The climbing starts as a roller or 2 (my heft does allow for collecting some additional speed at the bottom of the descent, but what goes down doesn’t always want to come back up…), and then its just ON. My vision has been reduced to pavement 5 feet ahead of me or glancing at that damn garmin device (I hadn’t known that it made sound effects, but it’s designed to laugh when one is climbing @ 6kph). Thank Merckx I hadn’t remembered the chest strap- registering 200bpm while it’s laughing probably woulda fried the circuit! I then started thinking about the app on Scaler’s iphone- the JVA app that allows one to hit a button to hear “shut up legs!” with that fine accent. As the climb wraps up, I find out scaler has flatted and the boys have doubled back (and looking awfully fresh, bastards!) to check on him. I collapse at the end of the climb, alone. Rapidly getting cold, stiffening. They’ve been gone a while now, I’m beginning to wonder if I missed the communiqué that we are just going to double back or something even more sadistic since the climb was “soooo easy, its so nice and sunny, let’s go climb more!” I’m tempted to whip out the phone and text/call someone, but that means removing my soaked full fingered glove which is densely adherent, knowing it’ll never go back on today. WTF.

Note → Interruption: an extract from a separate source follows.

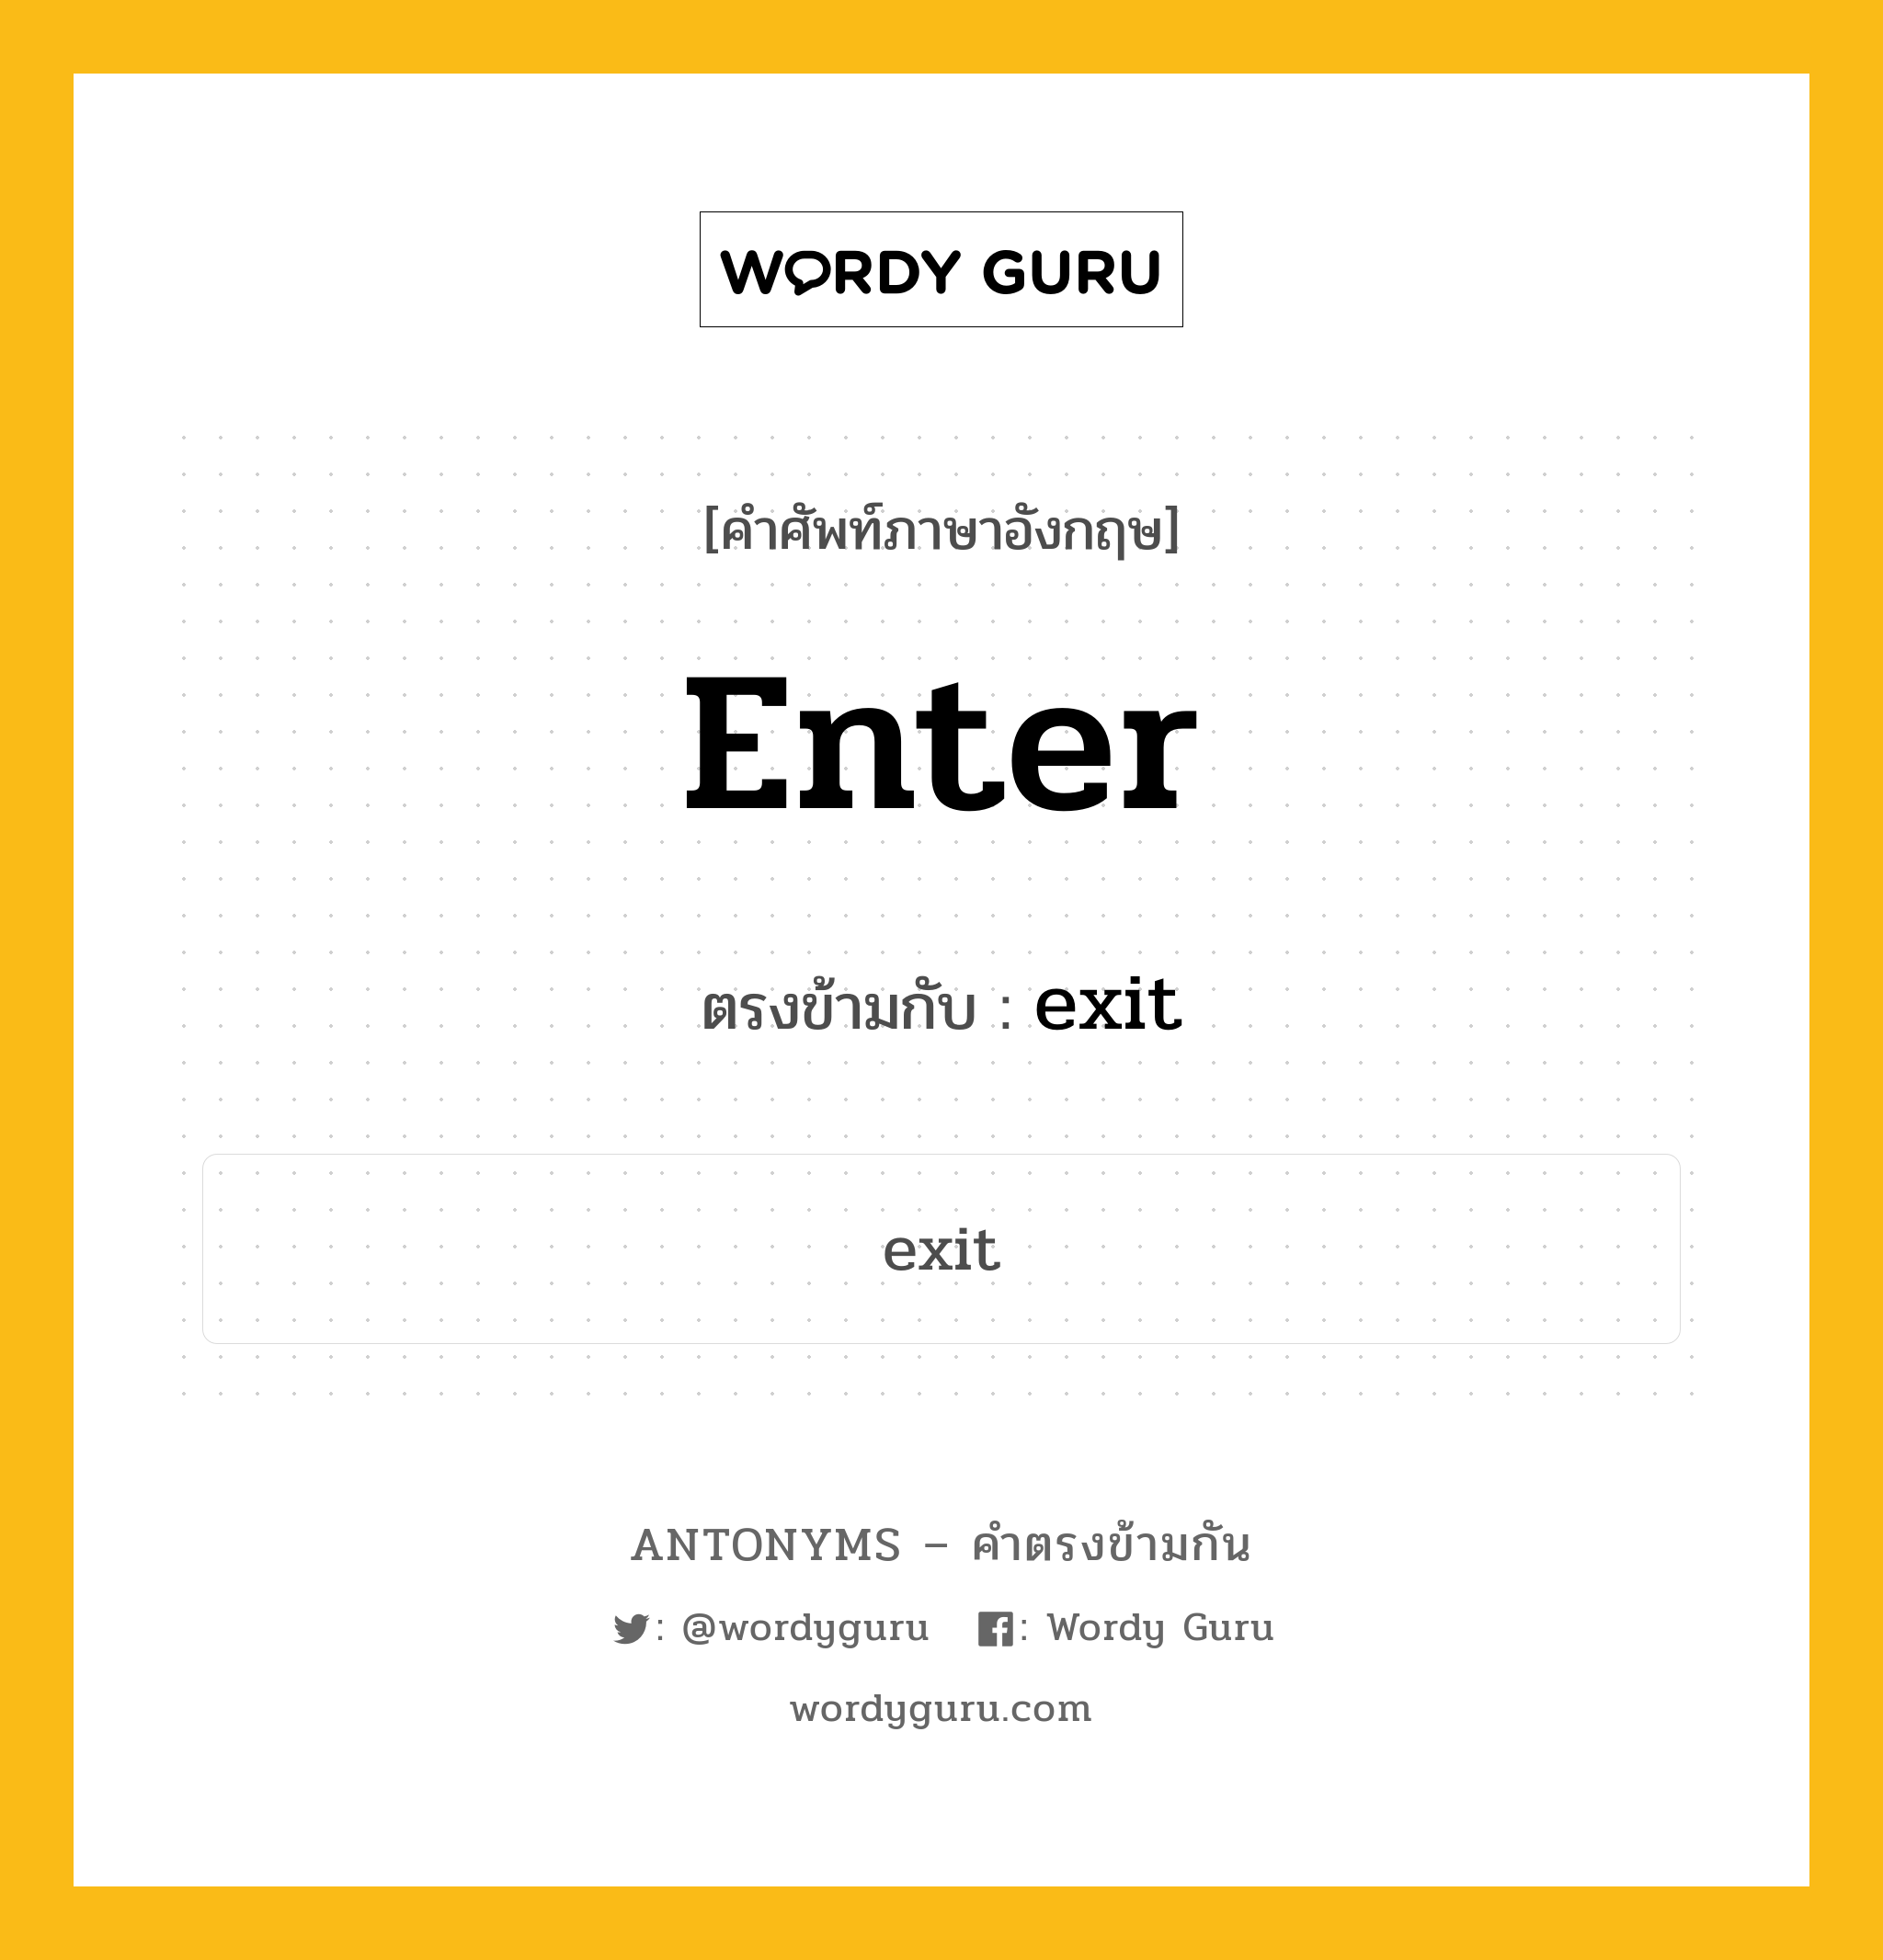 enter เป็นคำตรงข้ามกับคำไหนบ้าง?, คำศัพท์ภาษาอังกฤษ enter ตรงข้ามกับ exit หมวด exit
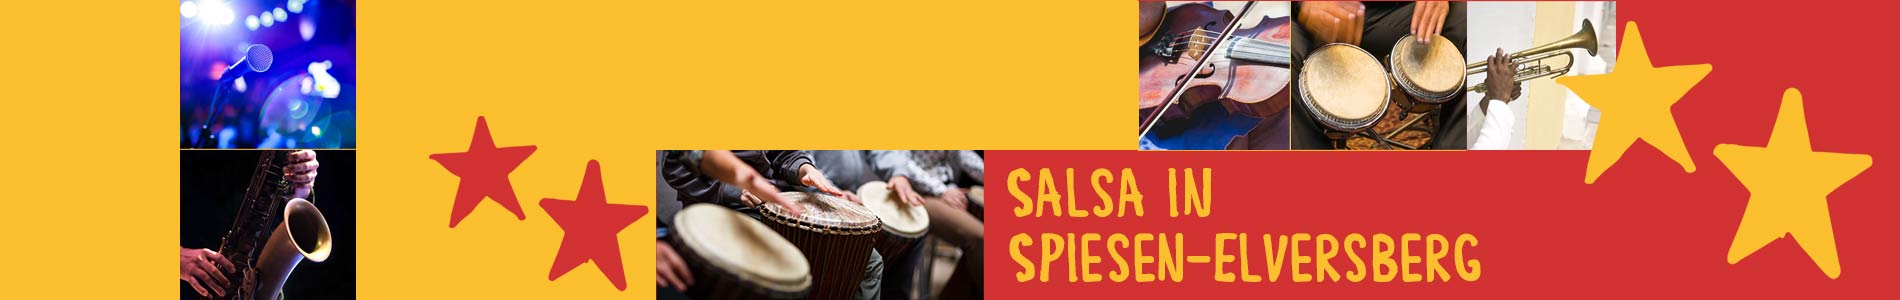 Salsa in Spiesen-Elversberg – Salsa lernen und tanzen, Tanzkurse, Partys, Veranstaltungen

The really funny thing about being the last one in the pack is the extra rest the strong get waiting for you at the end of climbs. Today, they went and worked more, and I collected myself. I think I got bitten by some radioactive bug or maybe the epo and steak diet has finally worked out. We take off as a group, and the punishment of the hills is gone. I’m cranking the rollers- punching uphill with the big boys, pulling occasionally on the flats with comfort, never so far gone as to be feeling cracked. Then the glory of the wind tunnel in reverse. After riding 4 hours, we are effortlessly frickin flying at 40-50kmph as if we were just warming up on a downhill. Is this what PRO fucken feels like? 2 of us (that would be me and a teammate) set the strava benchmark for that segment (but no KOM as someone musta had their garmin on in their car- @80kph)!
Now, a small potential bone of contention. I’ll be the first to admit that at least internally, I’m a fiercely competitive soul- why else the hell would I be here, right? Admittedly, way, way outclassed and outgunned this glorious day (and we won’t even talk about my rule violations because this is my story, dammit!), which wasn’t a race or even set up as a competitive ride. I never contested successfully one of the signs. But I am declaring myself the winner, sort of. The rule was never decided as to the “finish line,” but I did seize Scaler’s patio door first, which is good enough for me. Frank did declare with a mile to go that no one was going to stop this Dutchman from getting the first beer. That mighta been true. I couldn’t think or even see straight when I first walked into the party atmosphere. But is that important?